Opinion

The power of remembrance

By: Agar Mayor Gai-Makoon

It is noted clear that life is full of events and happenings that we simply have to go past but truthfully, these old memories live to guide and tell us of how we have improved or not our living conditions as individuals and for the whole country as well. This accounts for the reasons of setting aside certain days such as of worship and independence and so on, writing books and often times, orally narrating to the young how life was a few years past. By remembering the day of worship, we remind ourselves of great work manifested in us and beyond by the heavenly creator. And as for our independence day in this country, it reminds us of hardships and burdens that our people carried on their necks for decades in the hands of foreign people. And to make the matters worse, we are reminded on that day, 9th of July every year that, in this blessed land given to us by the creator of heavens and earth; we lived miserable and forlorn lives.

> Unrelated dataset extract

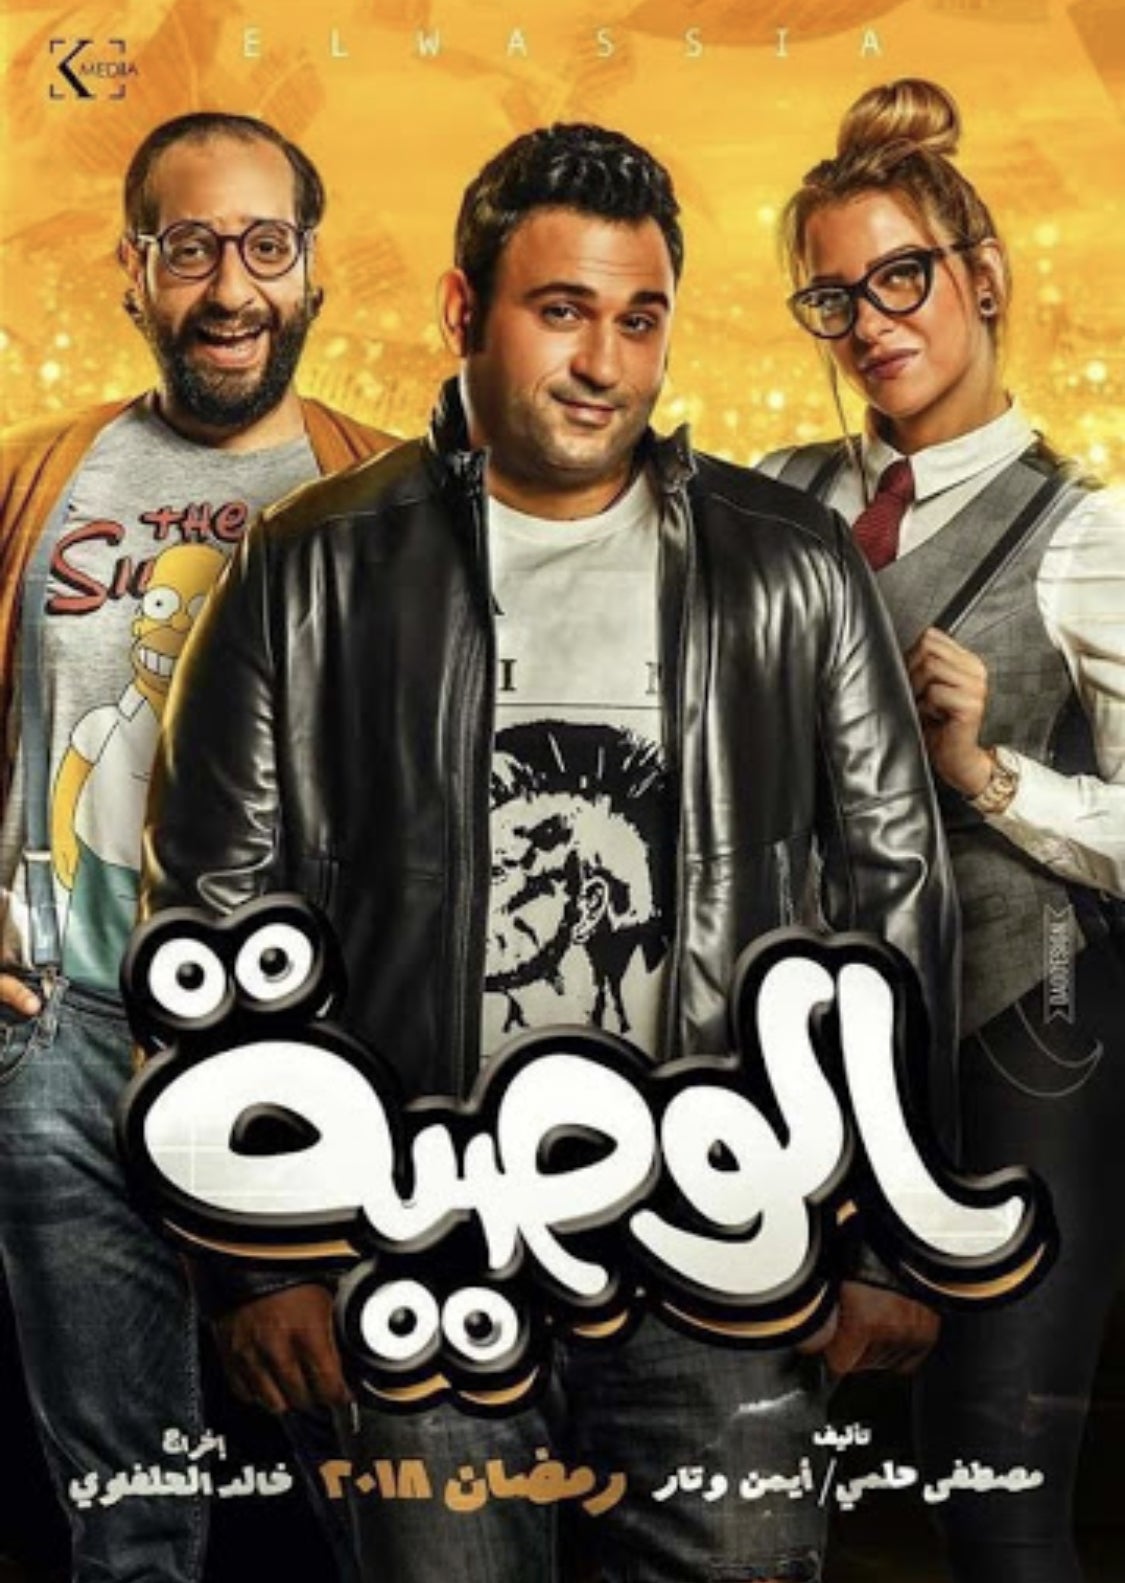 TV ratings for Al-waseya in Turkey. N/A TV series

How would one imagine this phenomenon of suffering in your own land?  It is worth remembering and filtering. I wonder why, in this country, we tend to forget even things that we should not. We have much to repair if peace, unity and prosperity be the ultimate goals of every sector in this country. The truth is remembering that this freedom we claim to have, has claimed more lives than we can think. Who can count the number of people who died of hunger, raped and later committed suicide, imprisoned for life, stung by snakes in the bushes and those who were shot dead in the battle fields by the Arabs? All kind of people and tribes of this South Sudanese country had at least felt the harsh behavior of our fellow creatures in the North.

However, how we managed to attain the little freedom as for now, ought to be recalled and honored by all of us. In doing so, the young people get a chance of working harder to improve their country’s economic, social and political bonds. Which position in our minds will corruption, tribalism and nepotism take up if we all know that the same factors led to the hardships and sufferings of our people not so many years past? If the fight against the Arabs though, was reasonably based on the same factors, how do we find ourselves acting them publicly without any shame? It is only that we have no citizen population to sue the people doing these acts because corruption, nepotism, religious discrimination (the current issue of restricting Sabbath keepers in worshipping and exercising their faith) and tribalism ought to be a taboo in this country such that anyone who practices them faces the right justice.

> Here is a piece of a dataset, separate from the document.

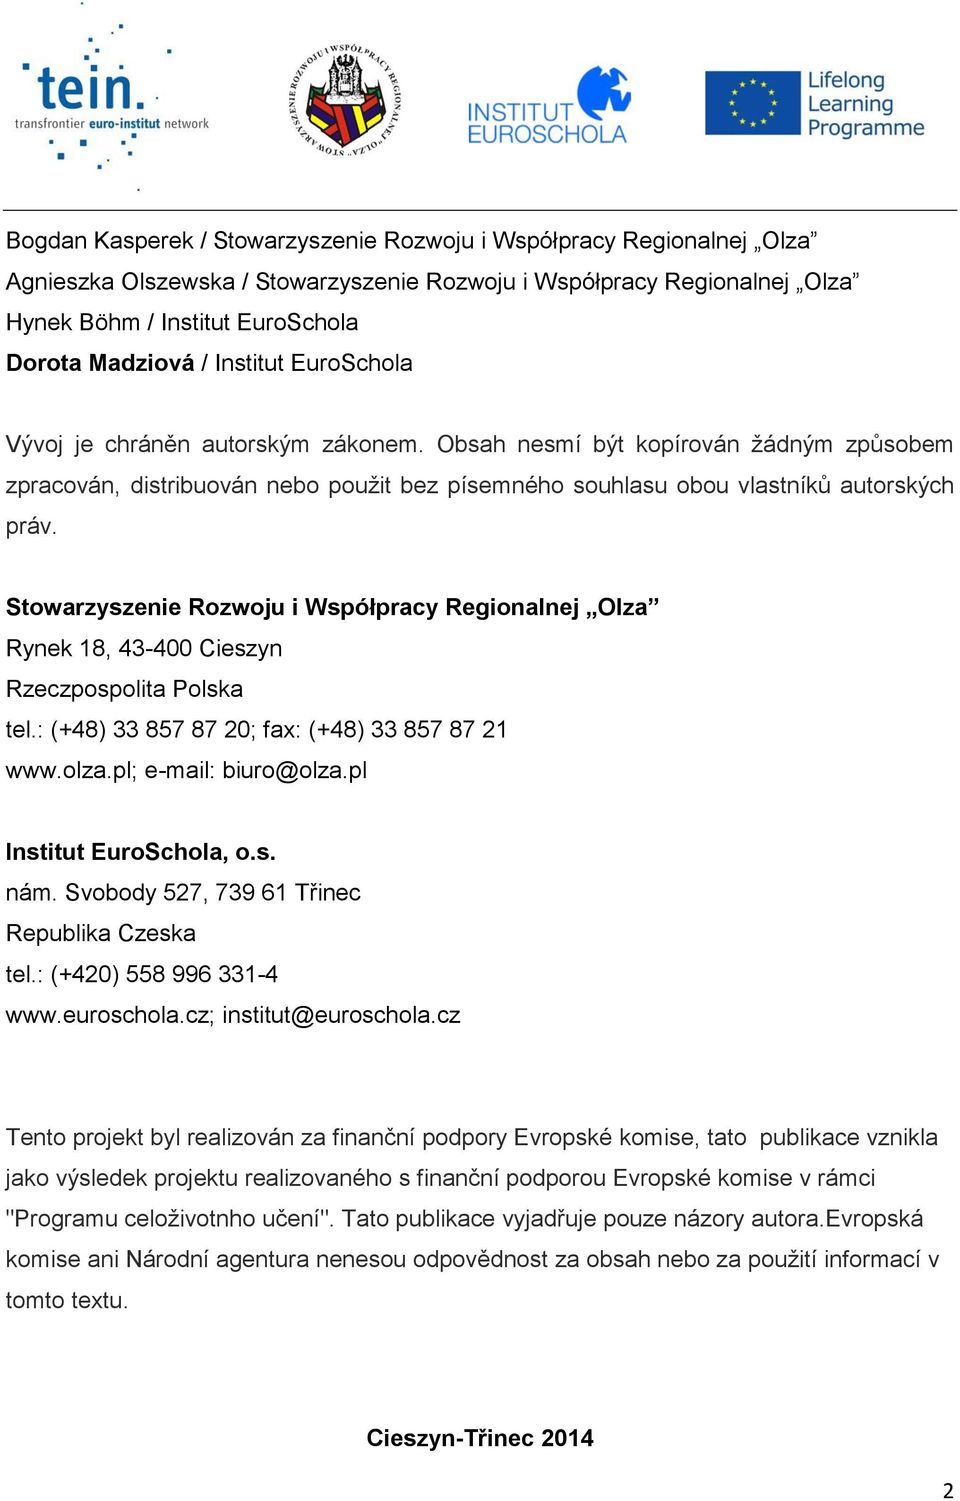 Stowarzyszenie Rozwoju i Współpracy Regionalnej Olza Rynek 18, 43-400 Cieszyn Rzeczpospolita Polska tel.: (+48) 33 857 87 20; fax: (+48) 33 857 87 21 www.olza.pl; e-mail: biuro@olza.

The fact that it is the same people who once upon a time fought against them who are now the partakers of promoting corruption, nepotism, tribalism and religious discrimination is an indication that most of us have forgotten why and how we attained the freedom and independence. Otherwise, if so not, love, transparency, fair usage and distribution of national funds, unity and eventually national prosperity would have been the central factors to our South Sudanese livelihood. If so not though, individual people would not put in to their pockets the national funds and later faced not any justice; they walked away without being asked of where the money is or if used, what they have done with it.

It can be rightly concluded that the current happenings in the national government are a reiteration of the old days’ actions; the ones which caused the fight with Arabs. We have failed to recognize that the same actions led to loss of lives at certain time not so far from now. The power of remembrance is surely not available in us.